Bij het voorbereiden van de kern van een activiteit denk je na over de methodiek. Je denkt na over het stappenplan. In de kern wordt er namelijk geleerd of geoefend. Bij het bedenken van een methodiek gaan we uit van een aantal principes: 1. Sluit aan bij bekende en beheerste oefeningen of bewegingsvormen 2. Laat oefeningen oplopen in moeilijkheid 3. Verander de situatie en/of verander de opdracht.
Sluit aan bij bekende en beheerste oefeningen
Het is belangrijk om bij je activiteiten te beginnen met vormen die je sporters of gasten kennen en beheersen. Hoe goed een sporter of gast iets kan, kom je te weten komen door: • ernaar te vragen • hem of haar een demonstratie te laten geven • heel goed te kijken (observeren) • eventueel te overleggen met je collega.
Laat oefeningen oplopen in moeilijkheid
Bied eerst makkelijke oefeningen aan en ga stap voor stap over naar moeilijkere oefeningen. Dit principe klinkt logisch, maar is soms lastig in de praktijk toe te passen.
Verander de situatie en/of verander de opdracht
Tijdens de activiteit kijk je voortdurend hoe het gaat. Je evalueert tijdens de activiteit. Vervolgens kies je op basis van je evaluatie ervoor om bijvoorbeeld een stapje verder te gaan in de methodiek. Of je kiest er juist voor om een oefening eenvoudiger te maken en een stapje terug te doen. Misschien bedenk je wel een kleine verandering waardoor de oefening beter aansluit bij het niveau van je sporters of gasten. Kortom: je verandert iets aan de situatie of aan de opdracht.
Let er wel op dat je niet te veel ineens verandert. Bied veranderingen altijd stapsgewijs aan! Bij een goed opgebouwde training zie je een stappenplan met kleine logische veranderingen. Zo begeleid je sporters op een heldere manier naar het einddoel. Succes verzekerd!
Opdracht 16 Instuif
Je assisteert als medewerker sport en recreatie bij de sportinstuif in sporthal Zuiderpark in Apeldoorn. Elke woensdagmiddag zijn daar allerlei sportieve activiteiten te doen voor kinderen van 6 tot 12 jaar. Je ziet dat een aantal kinderen geen koprol kunnen maken en besluit, in overleg met de leiding van de instuif, deze kinderen te vragen of zij een lesje ‘koprol maken' willen. a. Bedenk een aantal bewegingsvormen of oefeningen (minimaal drie) om dit aan te leren, waarbij je de oefeningen in juiste (methodische) volgorde plaatst.
Beschrijving oefening 1 Beschrijving oefening 2 Beschrijving oefening 3
b. Bespreek je oefeningen met een klasgenoot. Zijn er verschillen?
Opdracht 17 Lay-up
Lees het voorbeeld uit de praktijk en beantwoord de vragen.

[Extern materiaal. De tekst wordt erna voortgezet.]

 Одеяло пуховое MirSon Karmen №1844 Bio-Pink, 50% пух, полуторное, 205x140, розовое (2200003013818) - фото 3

1 Nina heeft bij haar basketbaltraining de lay-up uitgelegd en voorgedaan en laat deze in de praktijk oefenen. Na een tijdje roept zij de basketballers bij elkaar en zegt hun dat ze het heel goed doen. Zij zegt dat ze er een verdediger bij gaat zetten. Nina neemt de rol van verdediger op zich om ze uit te dagen.

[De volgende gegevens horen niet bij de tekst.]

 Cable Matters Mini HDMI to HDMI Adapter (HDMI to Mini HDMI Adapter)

2 De basketballers doen vreselijk hun best om Nina voorbij te komen met de lay-up. Het lukt maar er een paar van hen. Nina laat vervolgens een passeertechniek zien die geschikt is voor deze situatie. De basketballers mogen nu kiezen of ze met deze schijnbeweging passeren of een eigen schijnbeweging gebruiken.
Geef aan in welk voorbeeld de opdracht veranderd is en in welk voorbeeld de situatie veranderd is. Leg uit waarom je dat vindt.